Джек Керуак «Бродяги Дхармы» — эта книга лет пять болталась в моём списке «когда-нибудь прочитать». Даже не помню, как она туда попала, но звучала притягательно, и я точно знала, что однажды её прочту.
Последний год я не читала. Совсем. Нет времени — это, конечно, отговорка, честнее сказать: нет сил, мотивации. Нет свободы позволить себе такую роскошь — читать.
Бродяги Дхармы — лекарство для каждого, кому не хватает свободы. Игристое, лёгкое, возбуждающее, со странноватым привкусом, неизбежном в любом лекарстве, текучее, плавное, чуть хмельное — его можно выпить залпом за пару вечеров или принимать размеренно, по стакану за завтраком и обедом. Лекарство однозначно работает.
Главный герой Рэй в последней главе так и говорит, что его предназначение — дарить людям свободу. И он прекрасно справляется.
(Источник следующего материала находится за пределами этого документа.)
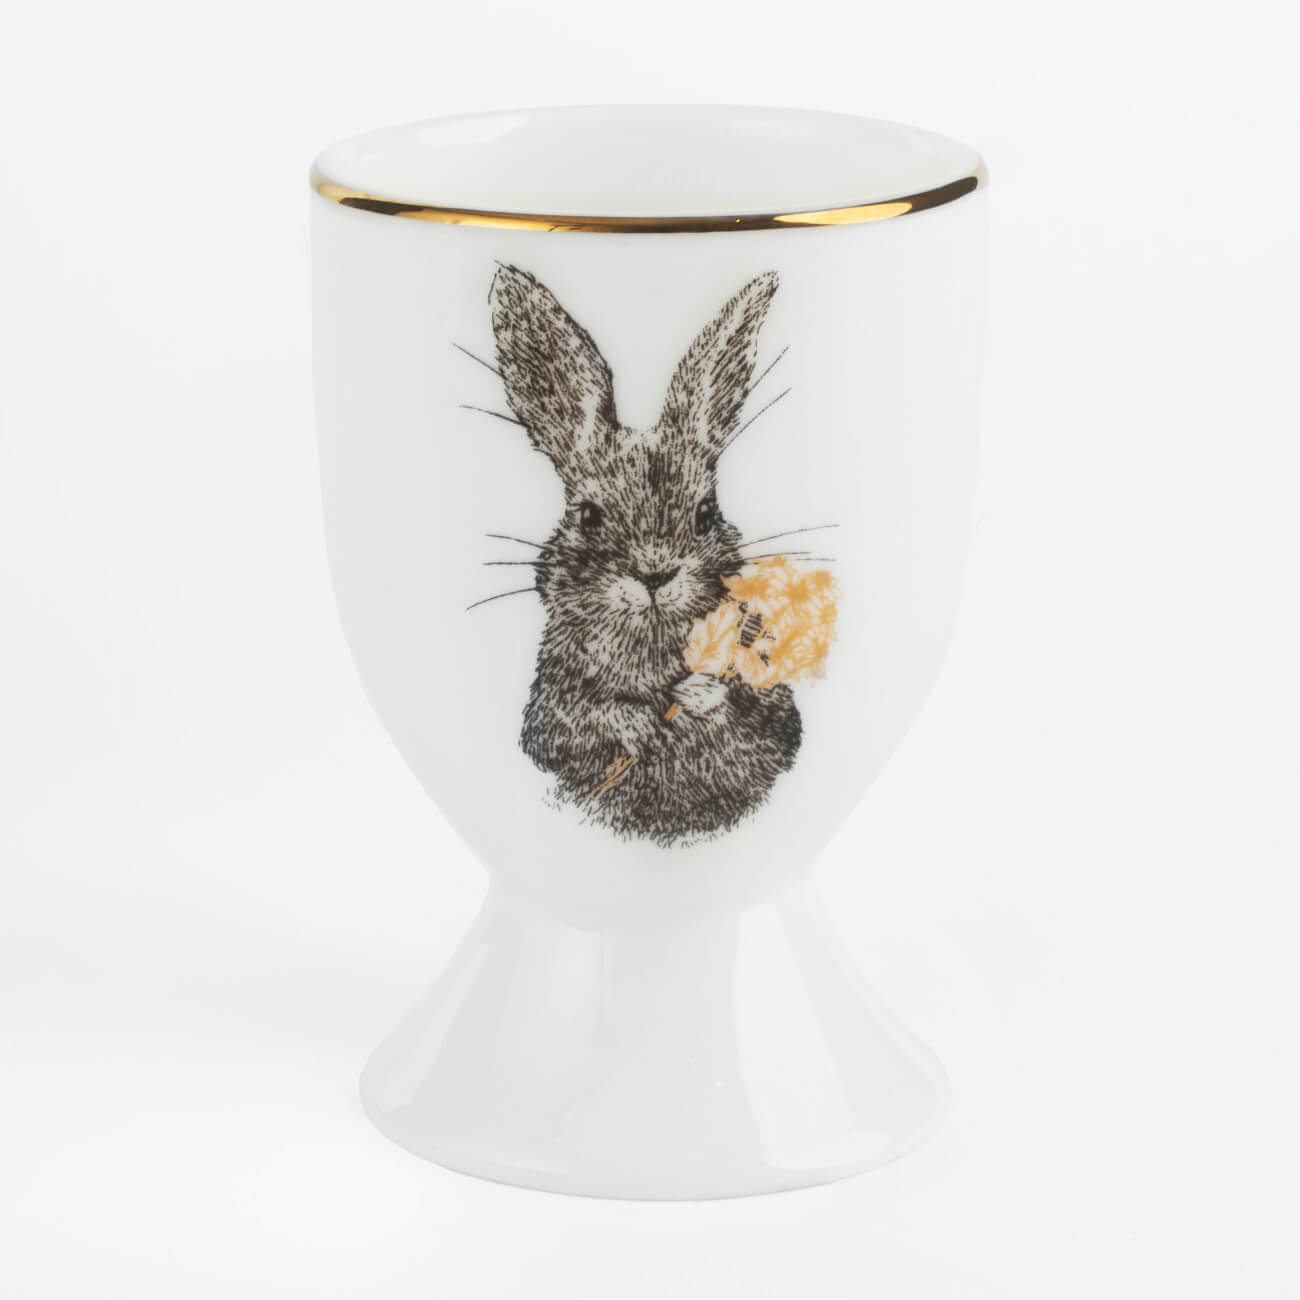 Подставка для яйца, 7 см, фарфор F, белая, с золотистым кантом, Кролик с цветами, Rabbit gold подставка под телефон денежный кролик гжель с золотом

Сюжета в драматическом смысле этого слова в книге нет — и не нужно. Ты просто запрыгиваешь в товарный вагон и мчишься сквозь Америку пятидесятых годов, ночуешь на пляжах, читаешь стихи, медитируешь, пьёшь вино — много вина! — и китайский чай. В тонких тряпочных тапочках штурмуешь вершины, греешься на морозе в тёплом спальнике, твои глаза ослепляют снежники, и ты становишься на голову, чтобы убедиться в иллюзорности этого мира.
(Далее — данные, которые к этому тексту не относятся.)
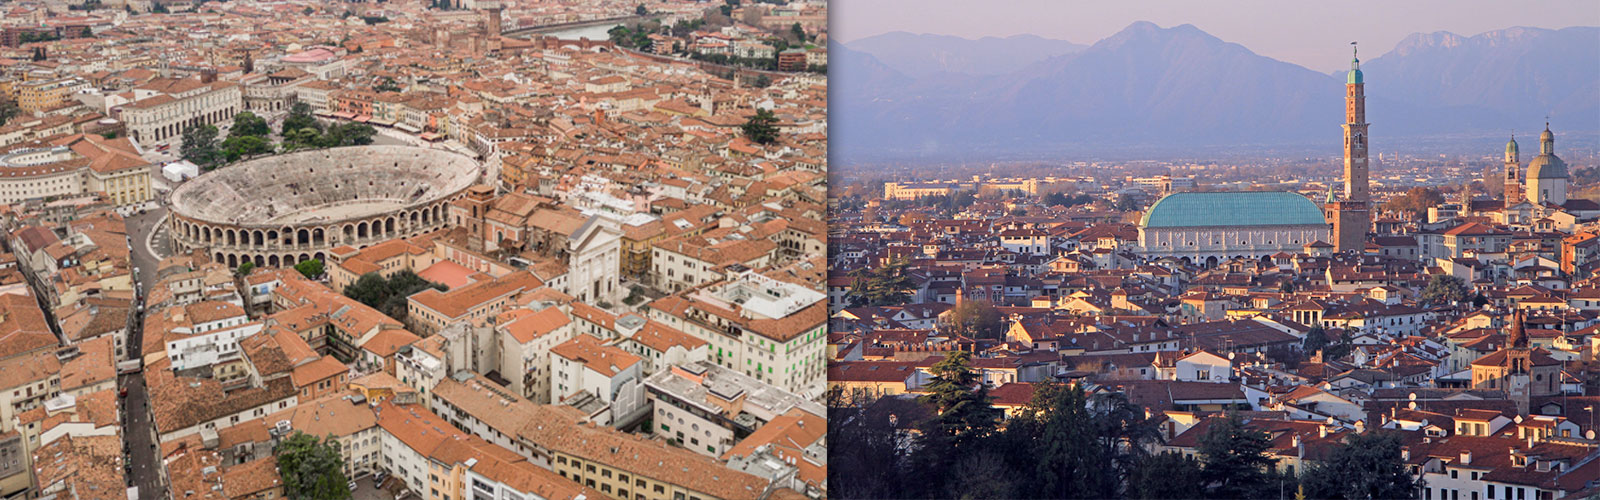 L’amministrazione di sostegno: Verona e Vicenza a confronto

А мир в этой книге живой, размашистый, диаметральный, как букет полевых цветов в ржавой консервной банке, залитый закатным солнцем. Можно опуститься на самое дно мексиканских притонов и раствориться в звоне ночного неба — всё по-настоящему.
В предисловии сказано, что рукопись была написана без единого знака препинания на рулоне бумаги — и читается она точно так же: на одном дыхании. Настолько образный, чёткий и ёмкий язык, что им наслаждаешься, упиваешься и можно читать только ради него.
«Мы шли дальше, и мне невероятно нравилось, какой у этой тропы бессмертный вид, как уже перевалило заполдень, и как поросший травою склон холма, казалось, весь окутан древней золотой пыльцой, как жучки кувыркаются над камнями, как ветерок вздыхает в мерцающих танцах над нагретыми валунами, и как тропа вдруг заводит в прохладную тень от больших деревьев над головой, и как свет здесь глубже.»
«Но приходила ночь, а с нею — горная луна, и озеро заливал лунный свет, и я выходил наружу и сидел в траве, и медитировал, обернувшись лицом к Западу, желая, чтобы во всей этой безличной материи где-нибудь оказался какой-нибудь Личный Бог.»